Нырнуть без остатка - стр. 44
Через час кожа на руках покрывается противными морщинками. Не чувствую ни ладоней, ни ног – окна открыты, вода остыла, но от этого не легче. Мы с Лидой пока вычерпали ее, заледенели. У той губы синие, представляю, как выгляжу со стороны я.
Даже смотреть на комнату без слез невозможно: все то малое, что было, – испорчено. Пол вздулся, обои пузырятся, кеды расклеились. Хочется плакать, но не могу даже слез выдавить. Хорошо, хоть подо мной никто не живет – квартира стоит пустой уже много лет.
– Спасибо, Лид, брось ты, – выдергиваю тряпку и кидаю на пол.

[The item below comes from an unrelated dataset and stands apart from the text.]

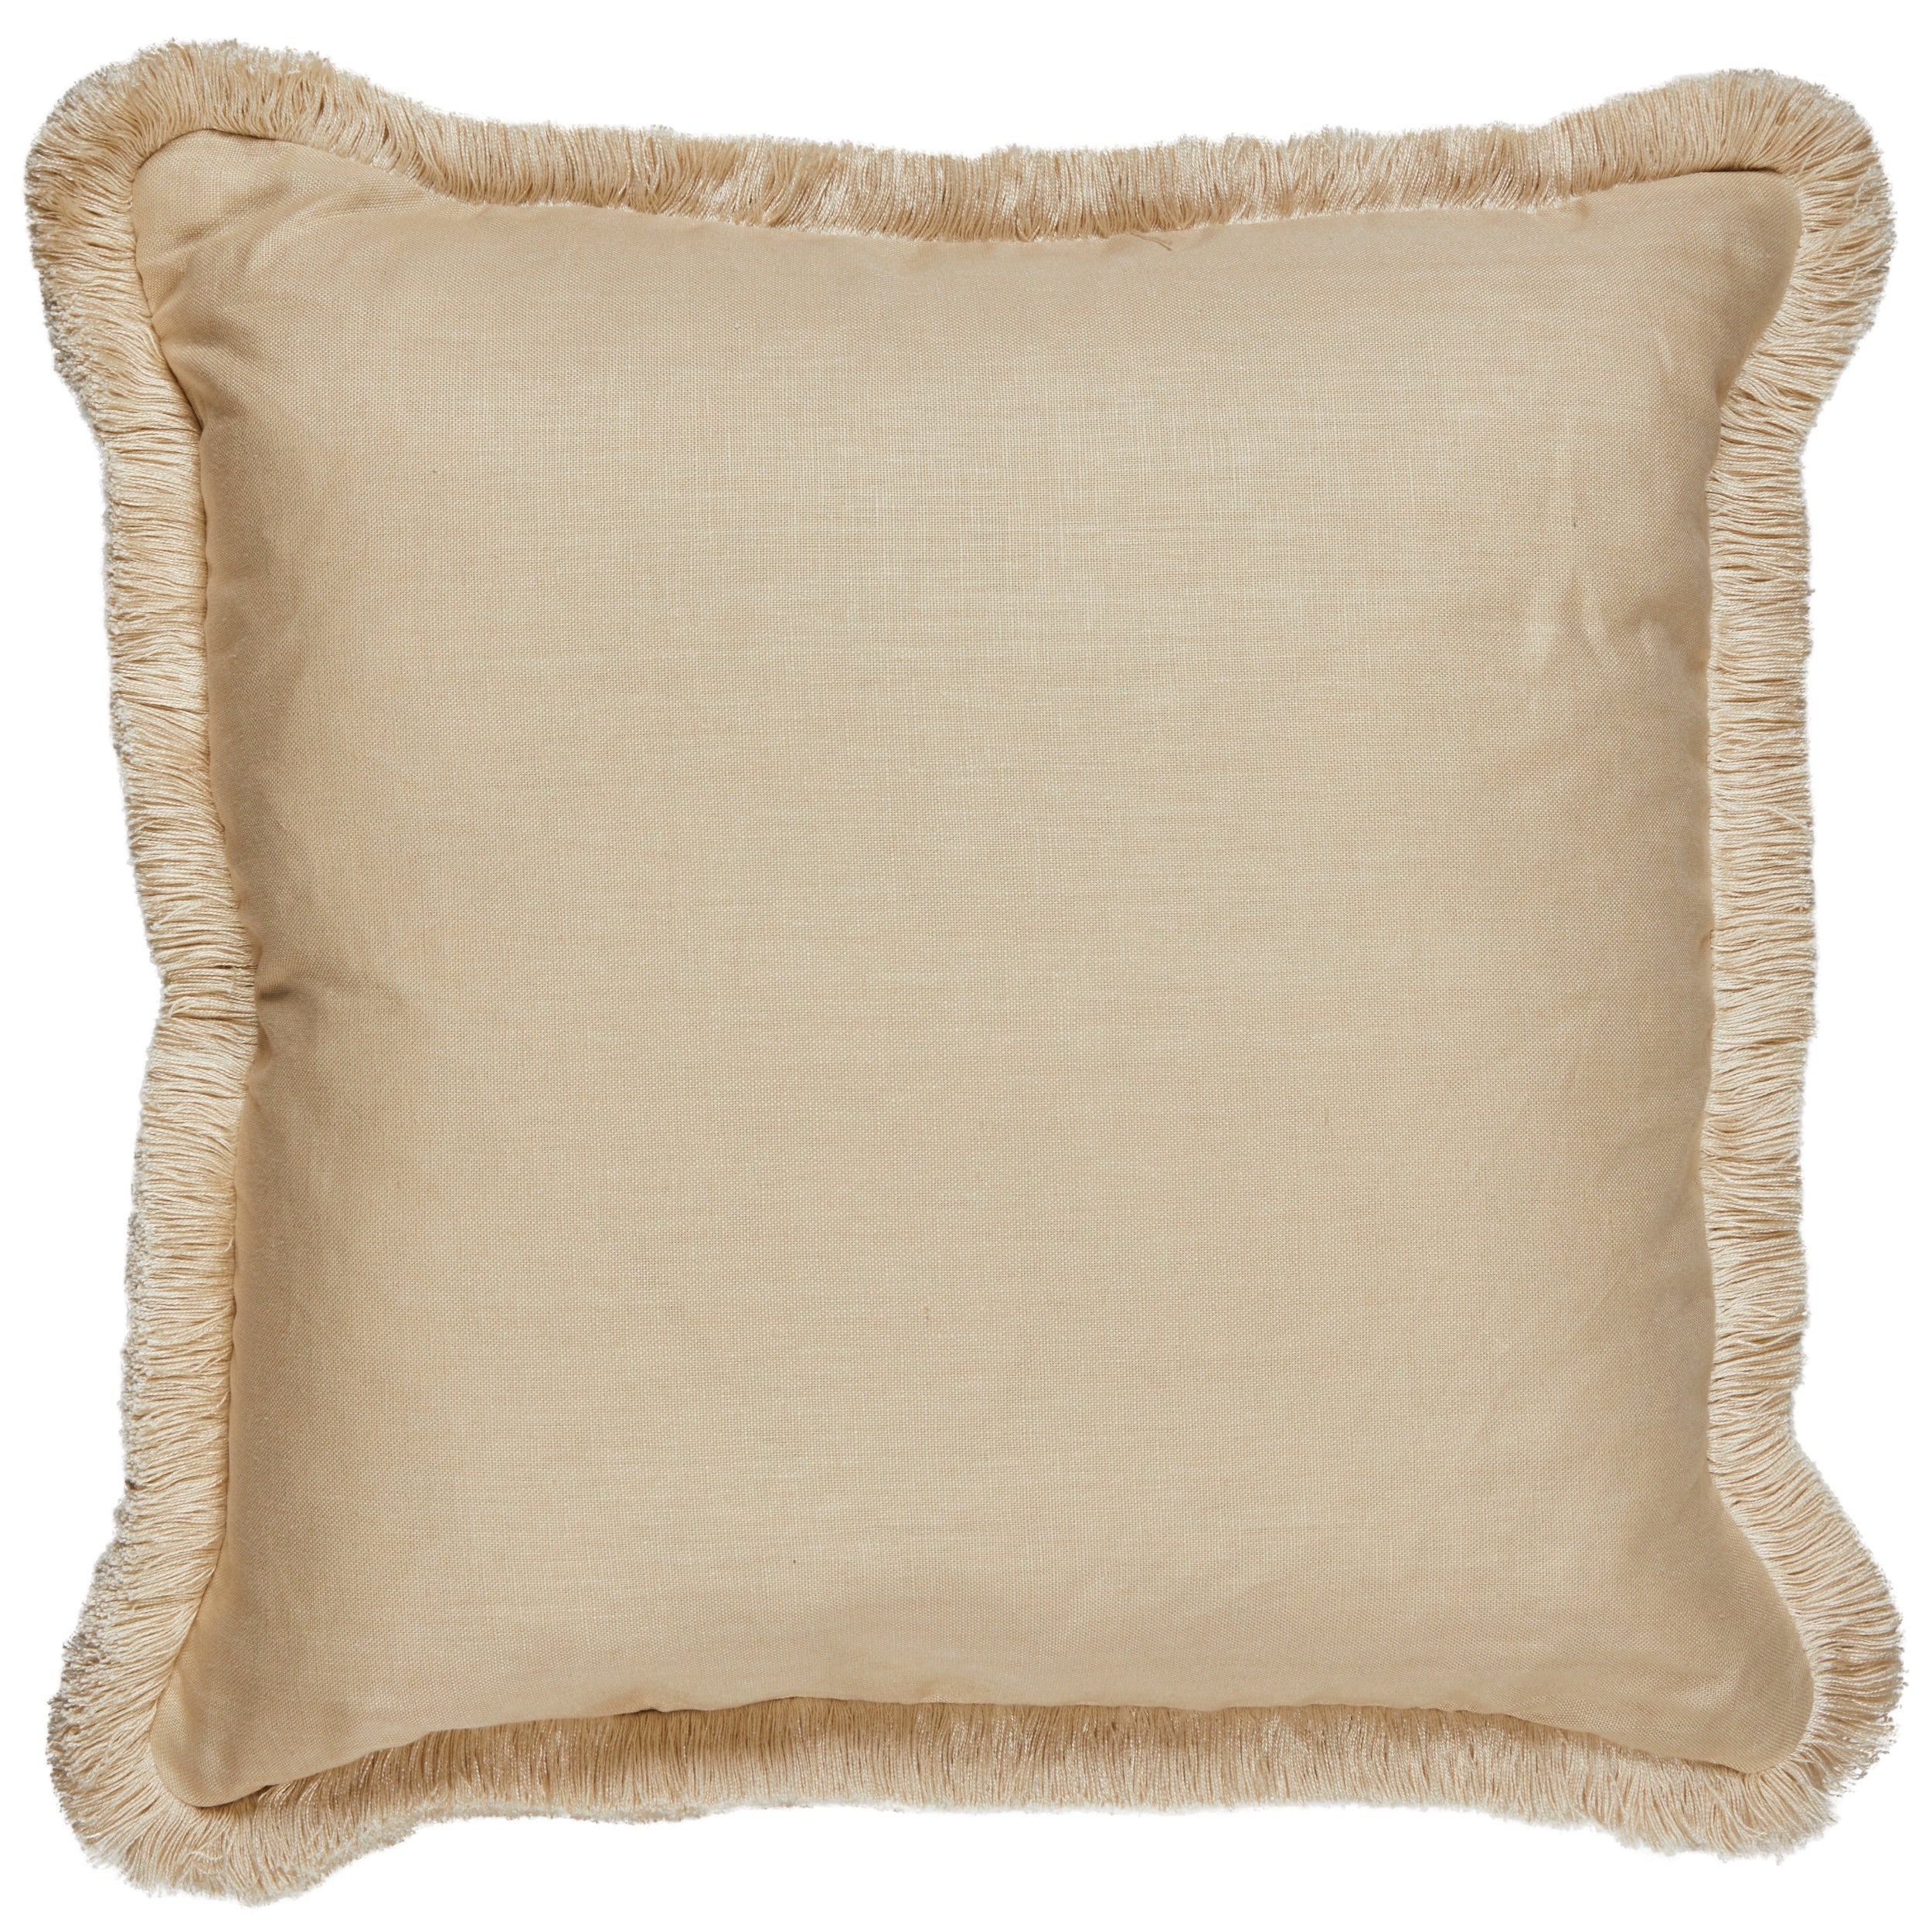 Enid's Garland Warmer Back Cushion  with a Brush Fringe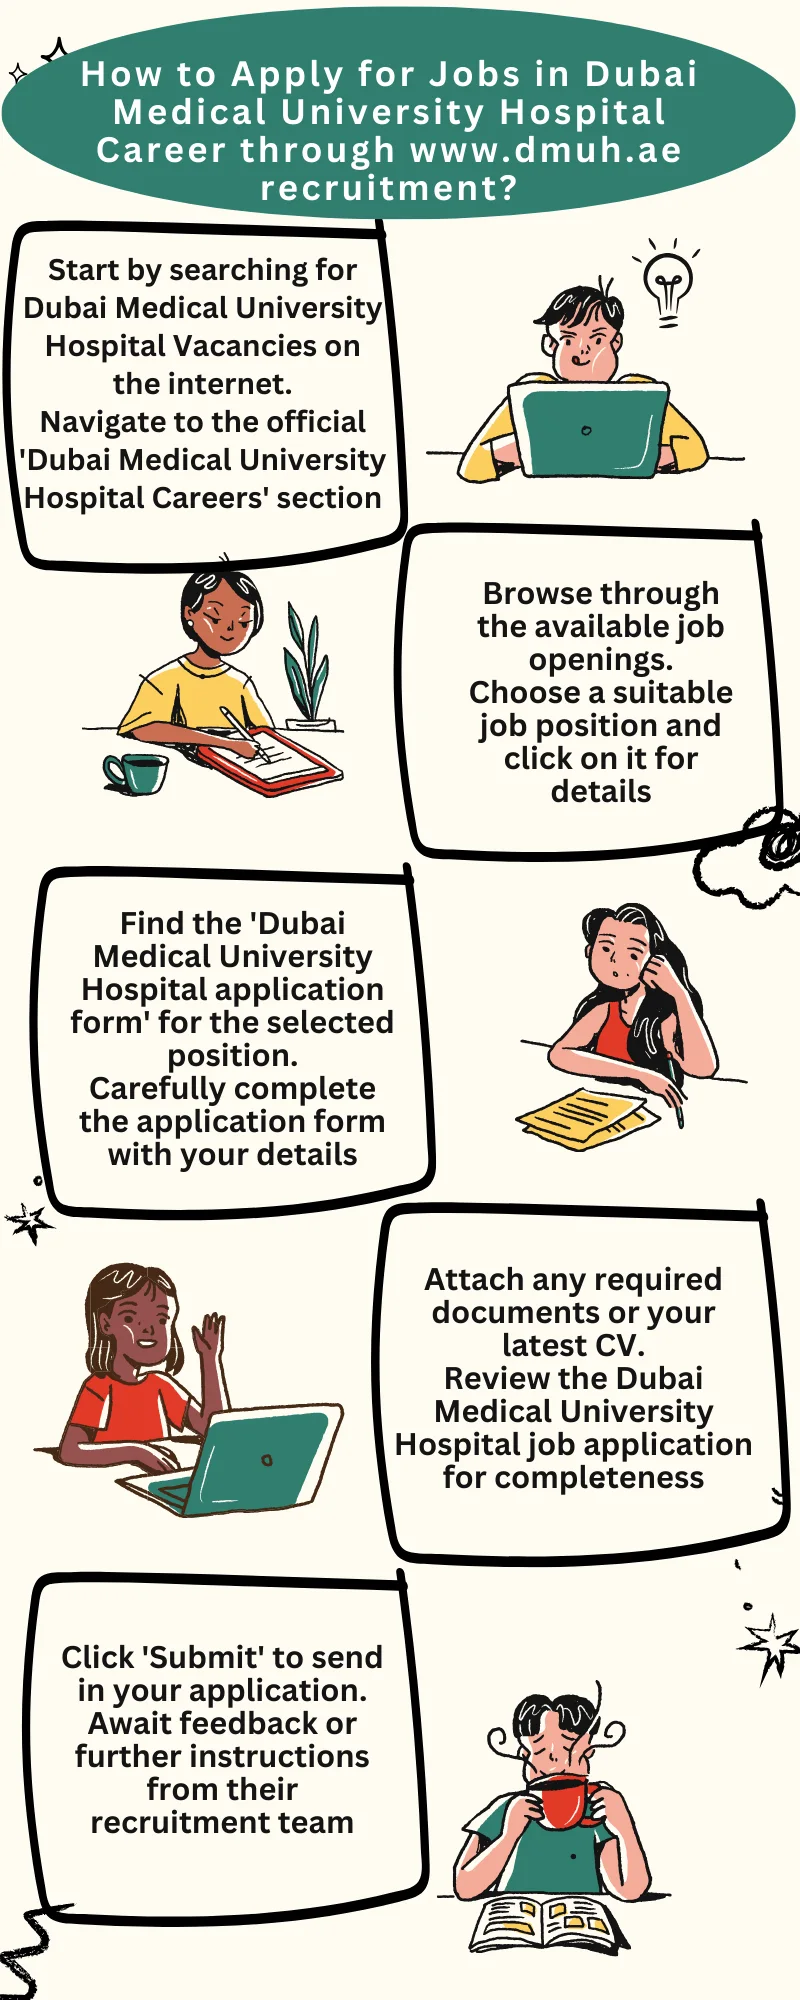 How to Apply for Jobs in Dubai Medical University Hospital Career through www.dmuh.ae recruitment?

У нее руки трясутся, как и мои.
– Заболеешь, иди согрейся.
– А ты?
Поднимаю на нее глаза, вижу, что синяк на лице стал уже желтым и потихоньку проходит. Она хорошенькая, когда на ней нет вызывающего макияжа и следов токсичной любви. Мнется под моим прямым взглядом, будто пытается что-то сказать.
– Я знаю, что это твои друзья его прогнали.
– Не совсем понимаю тебя.
– Я хотела сказать спасибо. Правда, – она сжимает мою руку, – я бы не сумела сама.
Не нахожу, что ответить, но в голове складывается мозаика. Оборачиваюсь, когда слышу шаги и застываю. Лида, завидев в дверном проеме Горского, сразу тушуется и убегает к себе в комнату.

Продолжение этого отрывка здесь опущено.